The 4 Traits That Put Kids at Risk for Addiction
Drug education is the only part of the middle school curriculum I remember — perhaps because it backfired so spectacularly. Before reaching today’s legal drinking age, I was shooting cocaine and heroin.
I’ve since recovered from my addiction, and researchers now are trying to develop innovative prevention programs to help children at risk take a different road than I did.
Developing a public antidrug program that really works has not been easy. Many of us grew up with antidrug programs like D.A.R.E. or the Nancy Reagan-inspired antidrug campaign “Just Say No.” But research shows those programs and others like them that depend on education and scare tactics were largely ineffective and did little to curb drug use by children at highest risk.
But now a new antidrug program tested in Europe, Australia and Canada is showing promise. Called Preventure, the program, developed by Patricia Conrod, a professor of psychiatry at the University of Montreal, recognizes how a child’s temperament drives his or her risk for drug use — and that different traits create different pathways to addiction. Early trials show that personality testing can identify 90 percent of the highest risk children, targeting risky traits before they cause problems.
Recognizing that most teenagers who try alcohol, cocaine, opioids or methamphetamine do not become addicted, they focus on what’s different about the minority who do.
The traits that put kids at the highest risk for addiction aren’t all what you might expect. In my case, I seemed an unlikely candidate for addiction. I excelled academically, behaved well in class and participated in numerous extracurricular activities.
Inside, though, I was suffering from loneliness, anxiety and sensory overload. The same traits that made me “gifted” in academics left me clueless with people.
That’s why, when my health teacher said that peer pressure could push you to take drugs, what I heard instead was: “Drugs will make you cool.” As someone who felt like an outcast, this made psychoactive substances catnip.
Preventure’s personality testing programs go deeper. They focus on four risky traits: sensation-seeking, impulsiveness, anxiety sensitivity and hopelessness.
Importantly, most at-risk kids can be spotted early. For example, in preschool I was given a diagnosis of attention deficit/hyperactivity disorder (A.D.H.D.), which increases illegal drug addiction risk by a factor of three. My difficulty regulating emotions and oversensitivity attracted bullies. Then, isolation led to despair.
A child who begins using drugs out of a sense of hopelessness — like me, for instance — has a quite different goal than one who seeks thrills.
Three of the four personality traits identified by Preventure are linked to mental health issues, a critical risk factor for addiction. Impulsiveness, for instance, is common among people with A.D.H.D., while hopelessness is often a precursor to depression. Anxiety sensitivity, which means being overly aware and frightened of physical signs of anxiety, is linked to panic disorder.
While sensation-seeking is not connected to other diagnoses, it raises addiction risk for the obvious reason that people drawn to intense experience will probably like drugs.
Preventure starts with an intensive two- to three-day training for teachers, who are given a crash course in therapy techniques proven to fight psychological problems. The idea is to prevent people with outlying personalities from becoming entrenched in disordered thinking that can lead to a diagnosis, or, in the case of sensation-seeking, to dangerous behavior.
When the school year starts, middle schoolers take a personality test to identify the outliers. Months later, two 90-minute workshops — framed as a way to channel your personality toward success — are offered to the whole school, with only a limited number of slots. Overwhelmingly, most students sign up, Dr. Conrod says.

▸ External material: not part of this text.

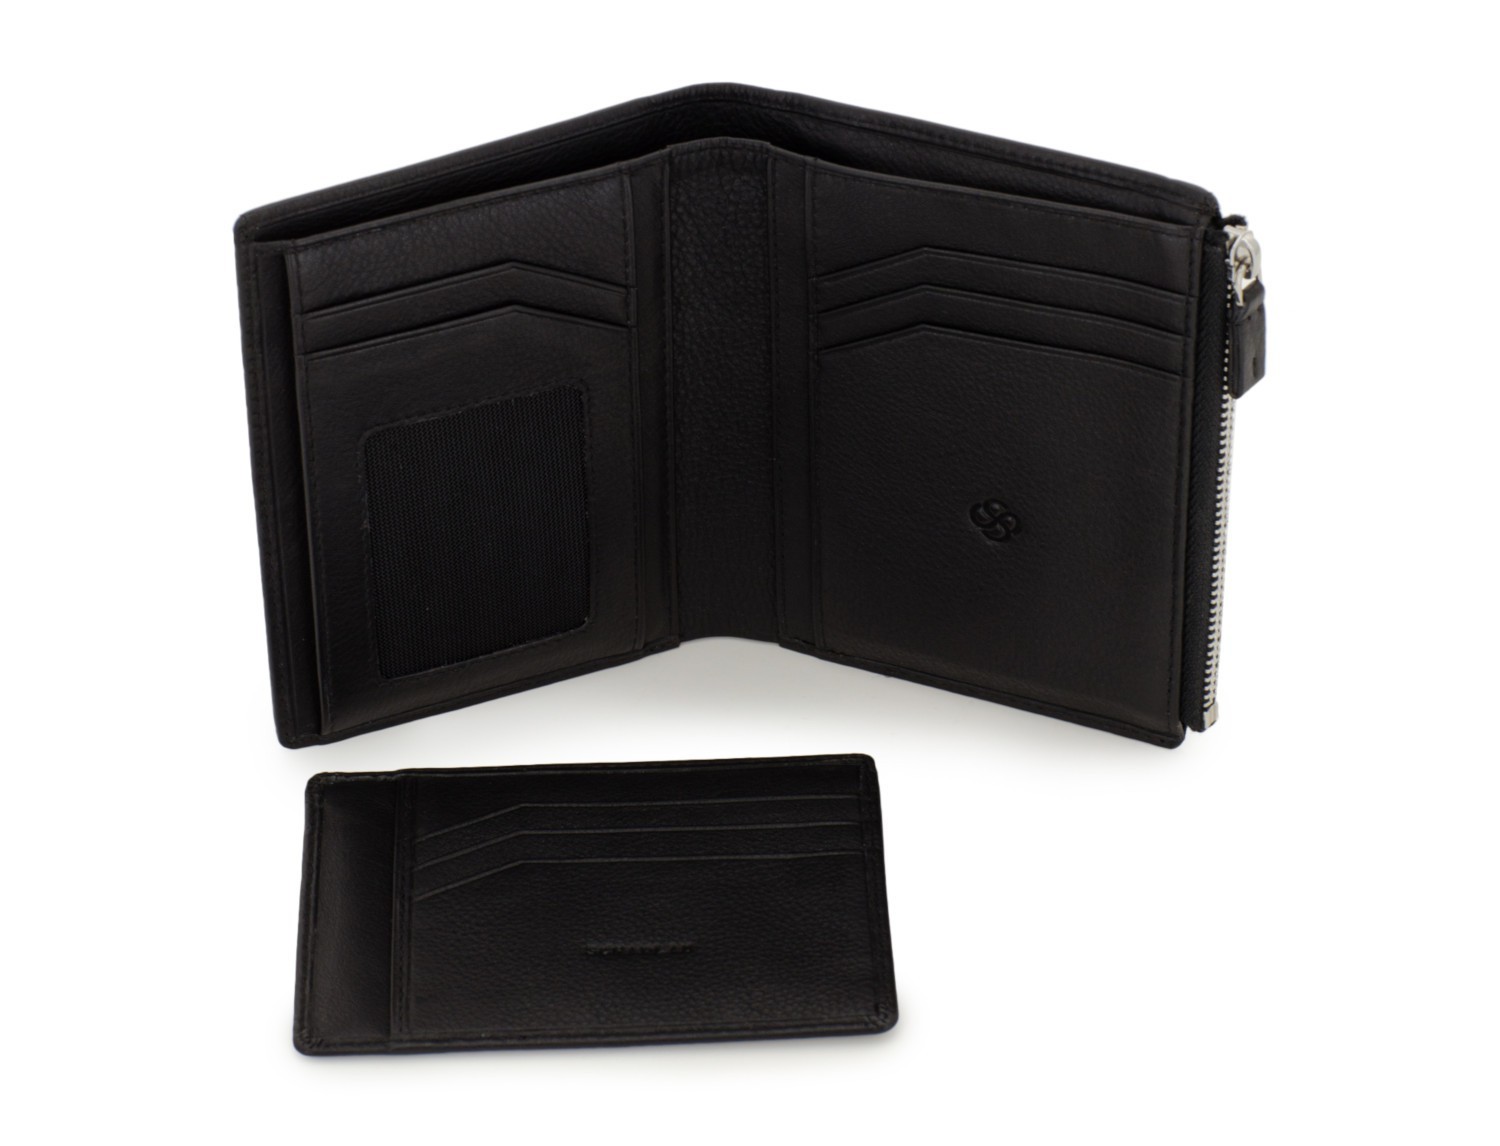 leather wallet in black open

Although selection appears random, only those with extreme scores on the test — which has been shown to pick up 90 percent of those at risk — actually get to attend. They are given the workshop targeted to their most troublesome trait.

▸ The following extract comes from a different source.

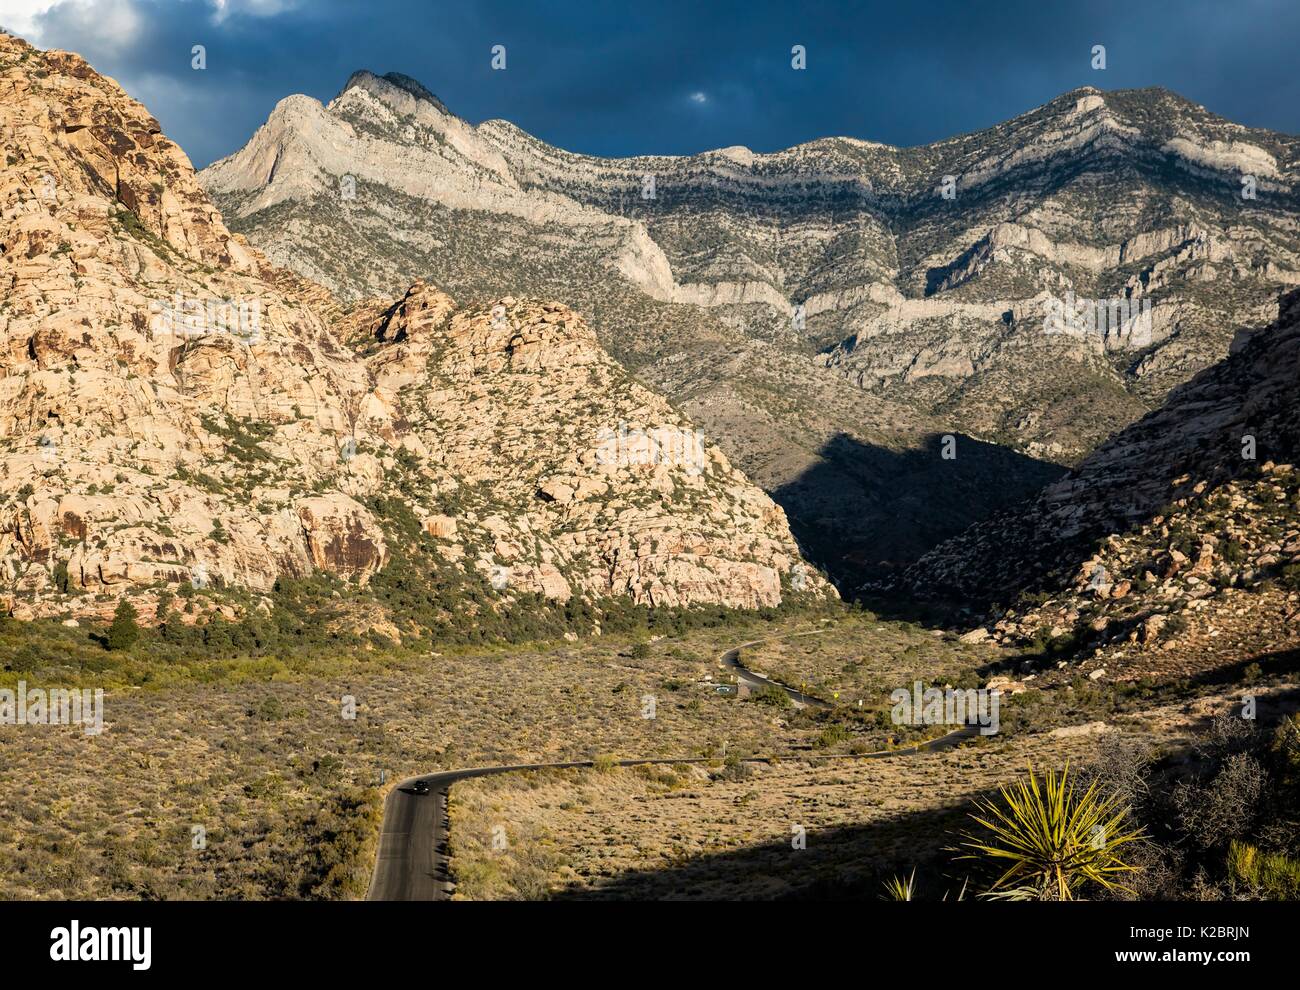 Des canyons, des crêtes et des pics de montagne constituent la La Madre Mountain Wilderness dans le Red Rock Canyon National Conservation Area, 29 septembre 2016 près de Las Vegas, Nevada. Banque D'Images

But the reason for selection is not initially disclosed. If students ask, they are given honest information; however, most do not and they typically report finding the workshops relevant and useful.

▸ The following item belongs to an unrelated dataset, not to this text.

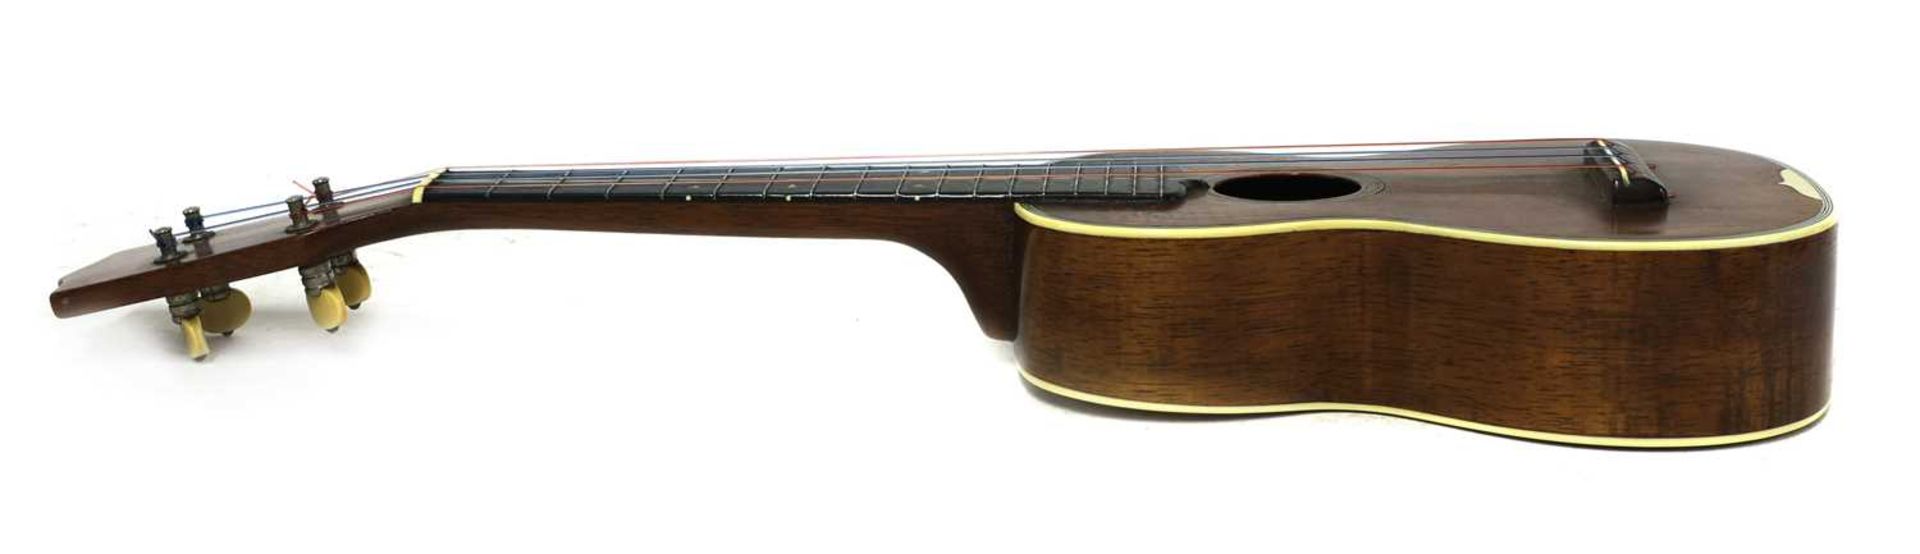 A Martin & Co. Style 3 ukulele, - Image 2 of 8

“There’s no labeling,” Dr. Conrod explains. This reduces the chances that kids will make a label like “high risk” into a self-fulfilling prophecy.
The workshops teach students cognitive behavioral techniques to address specific emotional and behavioral problems and encourage them to use these tools.
Preventure has been tested in eight randomized trials in Britain, Australia, the Netherlands and Canada, which found reductions in binge drinking, frequent drug use and alcohol-related problems.
A 2013 study published in JAMA Psychiatry included over 2,600 13- and 14-year-olds in 21 British schools, half of whom were randomized to the program. Overall, Preventure cut drinking in selected schools by 29 percent — even among those who didn’t attend workshops. Among the high-risk kids who did attend, binge drinking fell by 43 percent.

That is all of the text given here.